Although two states recently announced that they are taking a close look at Aetna Inc.’s practices for denying claims for health care coverage, the scrutiny is unlikely to prevent the insurance giant’s proposed merger with CVS Health from going through, corporate lawyers said.
California Insurance Commissioner Dave Jones announced Monday the opening of an investigation into Aetna’s claims denial process, its requests for prior authorization for care, and its utilization review process. Later that afternoon, Colorado Interim Insurance Commissioner Michael Conway said that his office would be making inquiries about whether Aetna’s procedure for appealing the denial of coverage for a medical procedure complies with Colorado law governing the issue.

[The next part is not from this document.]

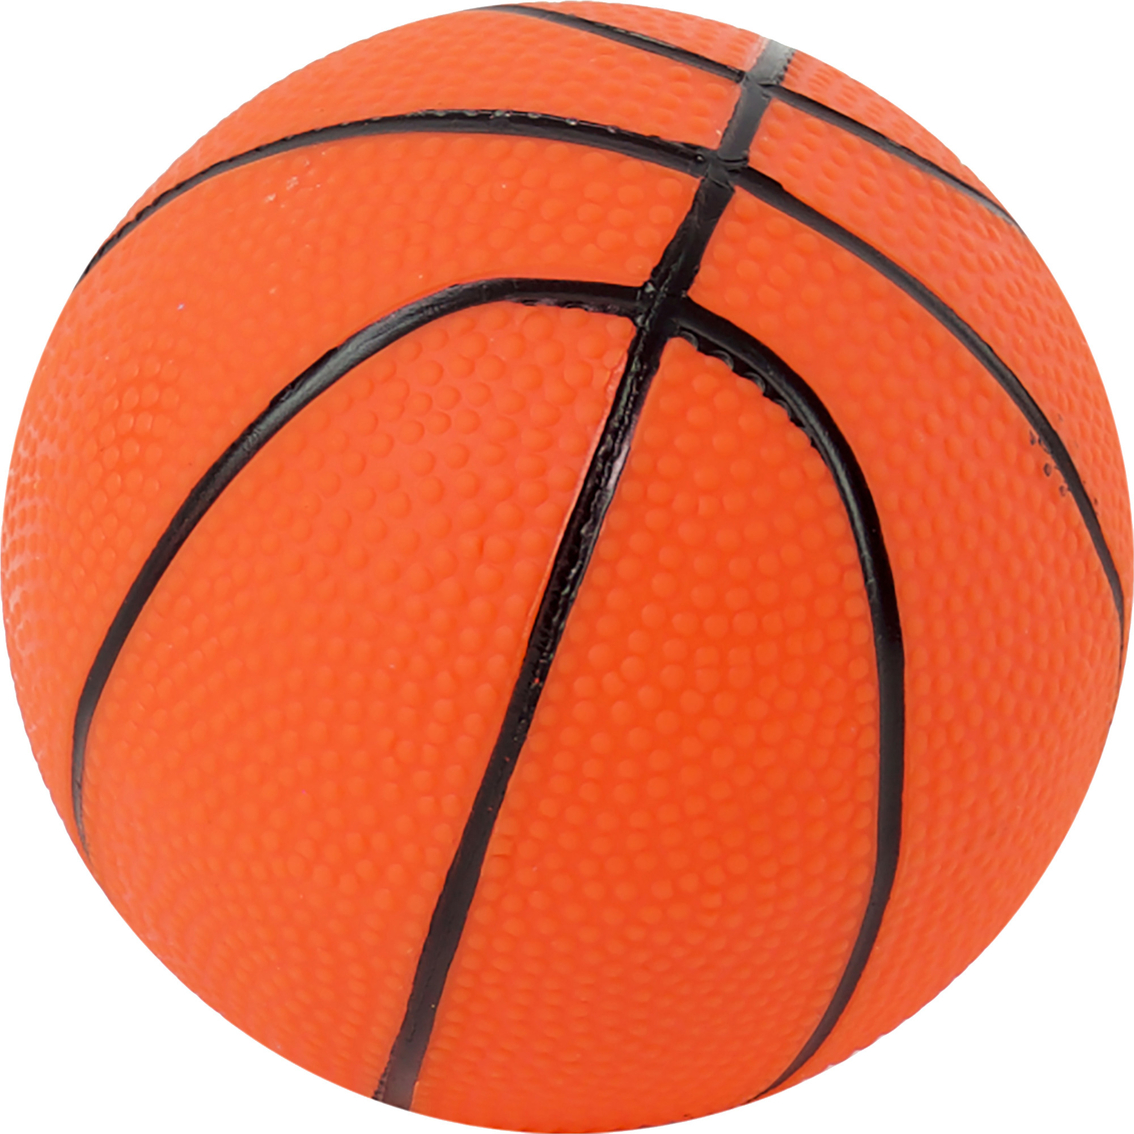 Maccabi Art Pro Ball Mini Air Slam Basketball Hoop Arcade Game, Adjustable Height - Image 8 of 9
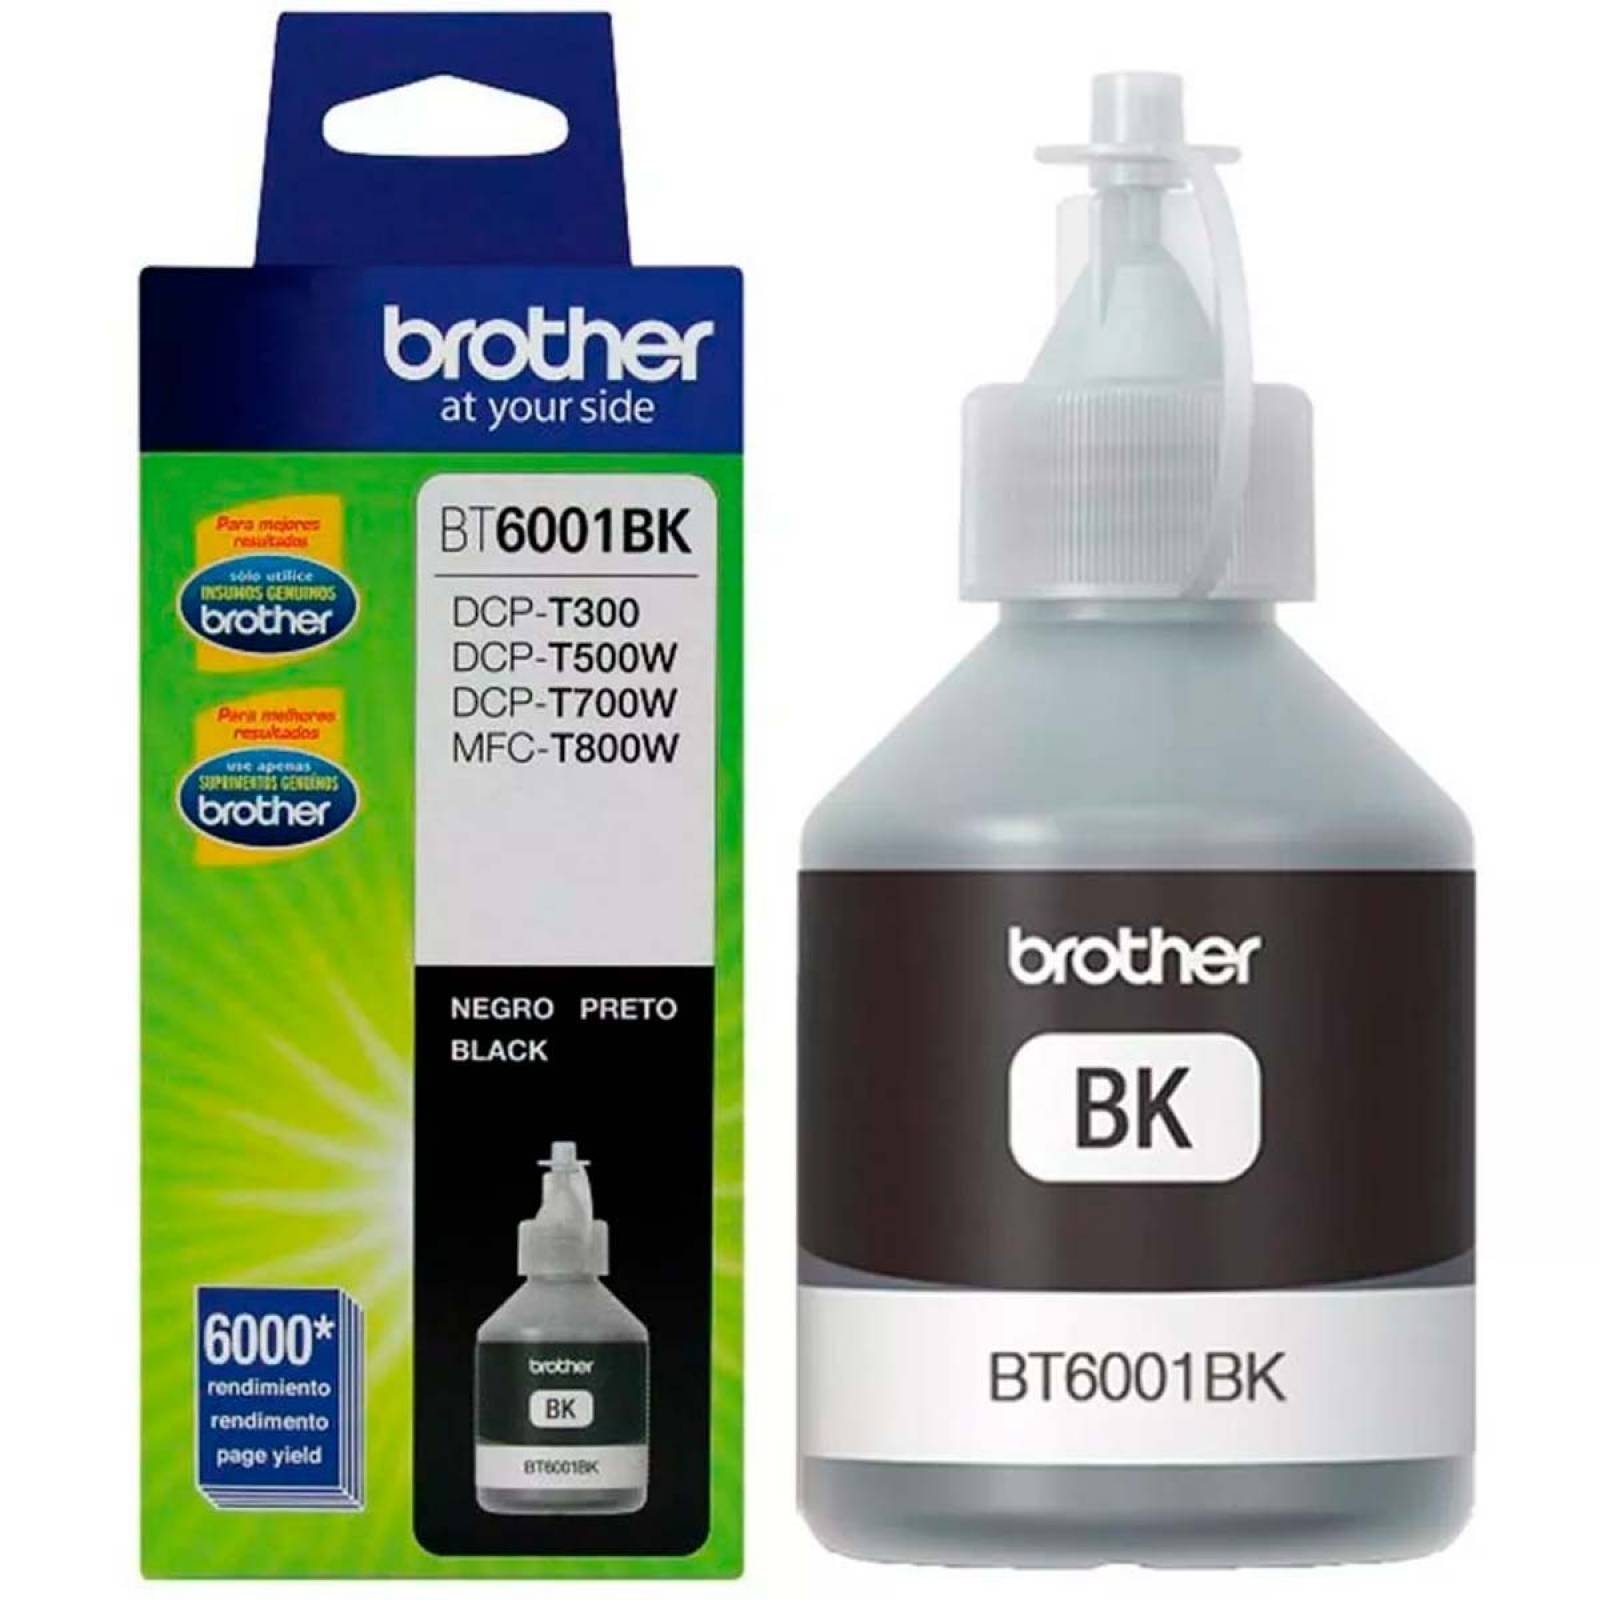 Botella de tinta BROTHER BT6001BK negra

California’s investigation, which prompted Colorado’s heightened interest in the matter, came after CNN showed Jones a transcript of a 2016 deposition of one of Aetna’s former medical directors. During that proceeding, Dr. Jay Iinuma, Aetna’s medical director for Southern California from 2012 to 2015, appeared to say that he did not review patient records when making a decision about whether to approve or deny coverage but rather relied on nurses’ information and recommendations to him, according to the report. Iinuma’s testimony was part of a lawsuit against Aetna filed by a then-19-year-old man who was denied coverage for a procedure to treat his autoimmune disease.
Jones said in statement, “If a health insurer is making decisions to deny coverage without a physician ever reviewing medical records, that is a significant concern and could be a violation of the law.”
But in a statement released Wednesday morning, Hartford, Connecticut-based Aetna said that medical records were, in fact, an integral part of the clinical review process during Iinuma’s tenure at the company, and that the statement used in the CNN report was taken out of context.
“Aetna medical directors review all necessary available medical information for cases that they are asked to evaluate,” according to the statement. “That is how they are trained, as physicians and as Aetna employees. In fact, adherence to those guidelines, which are based on health outcomes and not financial considerations, is an integral part of their yearly review process. As Dr. Iinuma stated in his deposition, his evaluation ‘was to ensure care was being provided in a safe and effective manner.’”
Aetna also said the physician made a sworn statement on Feb. 13, after the story appeared that, “in addition to reviewing the relevant portions of submitted medical records, it was also generally my practice to review Aetna nurses’ summaries, notes, and the applicable Aetna clinical policy bulletins. After reviewing the relevant, submitted portions of the medical record, the nurse’s notes, and the clinical policy bulletin(s), I would apply my medical training, experience, and judgment to reach an appropriate coverage determination.” The insurer released the physician’s redacted statement along with its own.